16.4.18

Time to complain about The Transportation Security Administration (TSA)

I know that when I travel, I have to comply with the laws and regulations of the country I visit.

I recently travelled to Miami and I know that The Transportation Security Administration (TSA) has the right to open my luggage and inspect it - the fact that my luggage is inspected leaving the country and not when arriving escapes me, but who am I to question this!. I also purchased TSA approved locks for my luggage so that the nice people of TSA could open them.
When I picked up my suitcases at my home airport, I noticed that one of them had been opened, as the lock had not been closed correctly and later found a TSA notice of baggage inspection inside.
This, I did not think was right. Admittedly, it possibly does not take much to open a suitcase, but the lock is not only for security but for safety, so that the contents will not scatter all over the luggage belt or worse, lost amid the entrails of an airport.
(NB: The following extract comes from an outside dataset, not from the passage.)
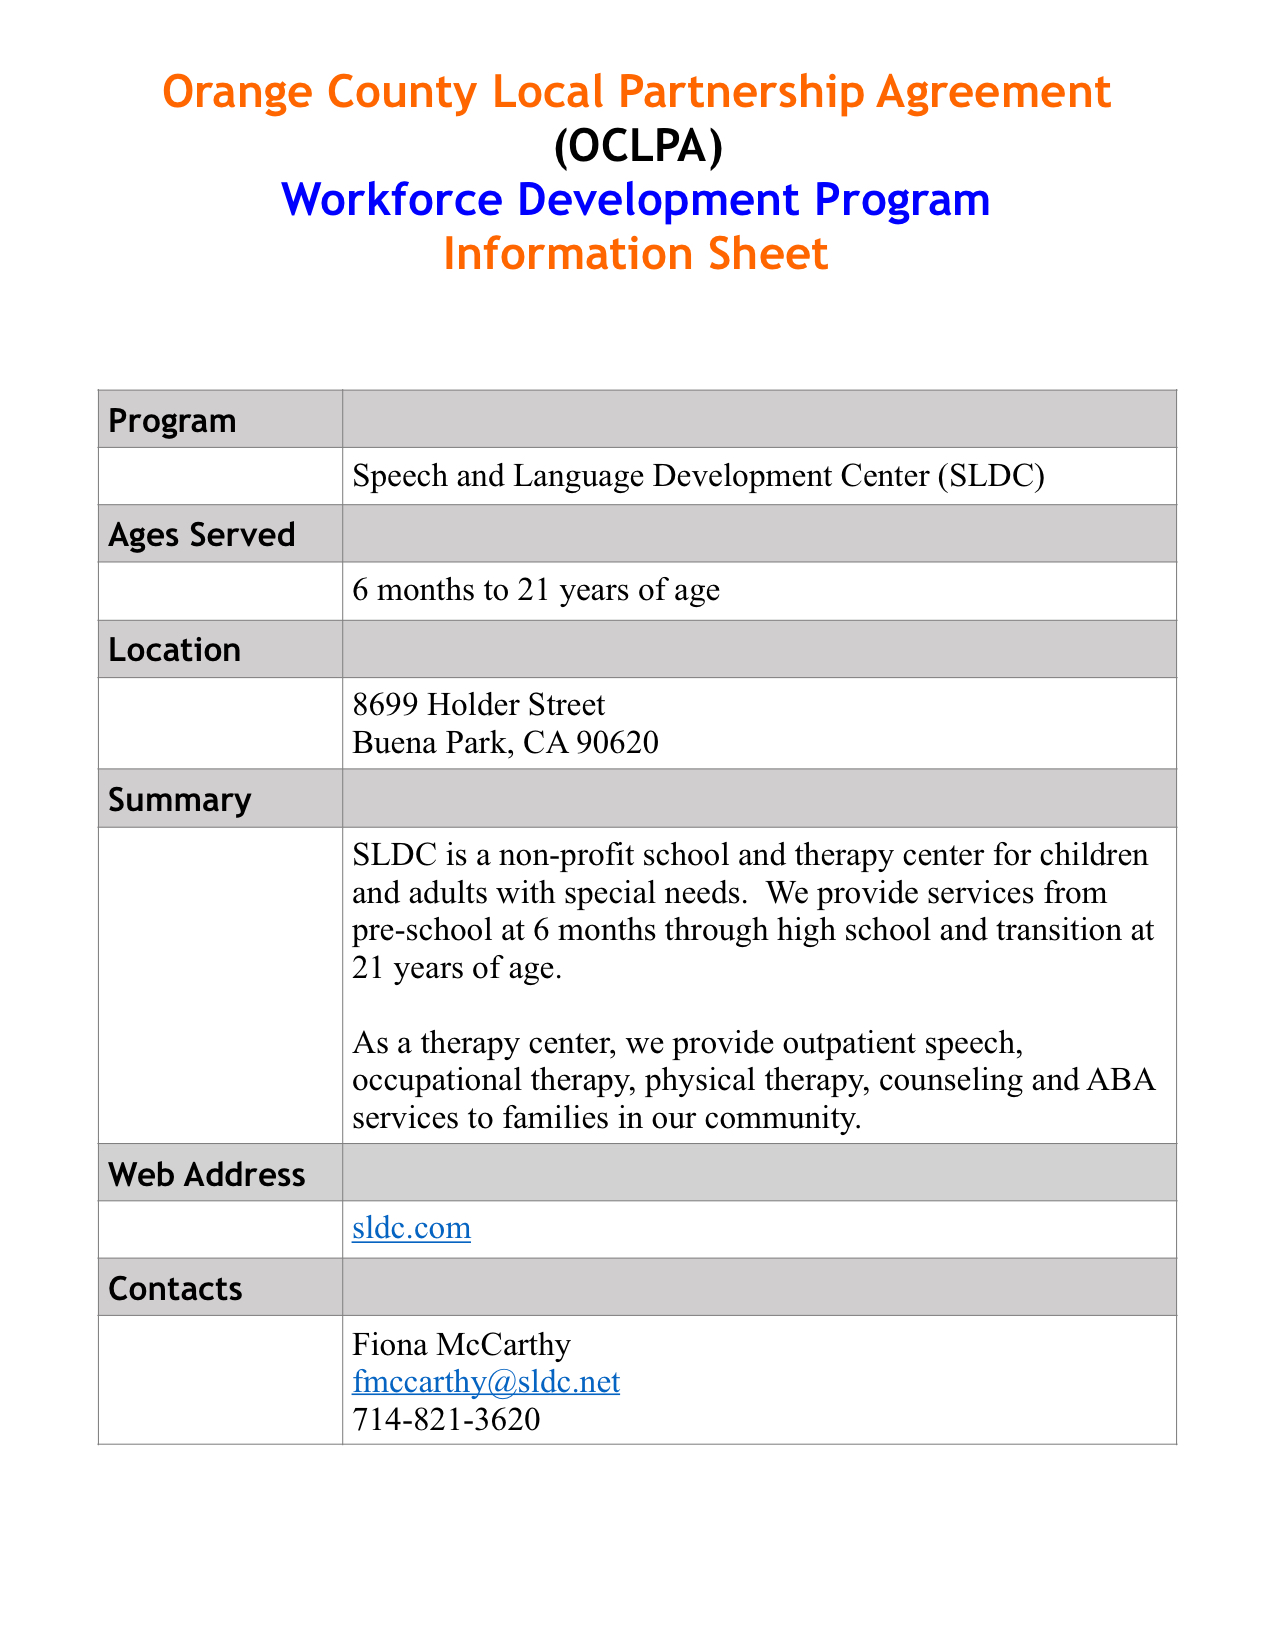 Speech Language Development Center Information Sheet Chapman

I, thus, decided to write an email to the nice people of TSA, enclosing a pic of the unlocked lock (not sure whether this is gramatically correct, but I like the sound of it) and pointing out that since I comply with their laws and regulations, the least I would expect in return was for my suitcase to be locked after inspection.

I was, truthfully, just looking for an apology and the usual phrase that "we always endeavour to.....etc, etc". What I received was an email attaching a five page claim form that looks too long and too complicated to read, let alone complete, print and send, especially since I had no intention of making a claim because, as I had mentioned to the nice people of TSA, luckily nothing was missing from my suitcase.

If only the nice people of TSA had read my email!!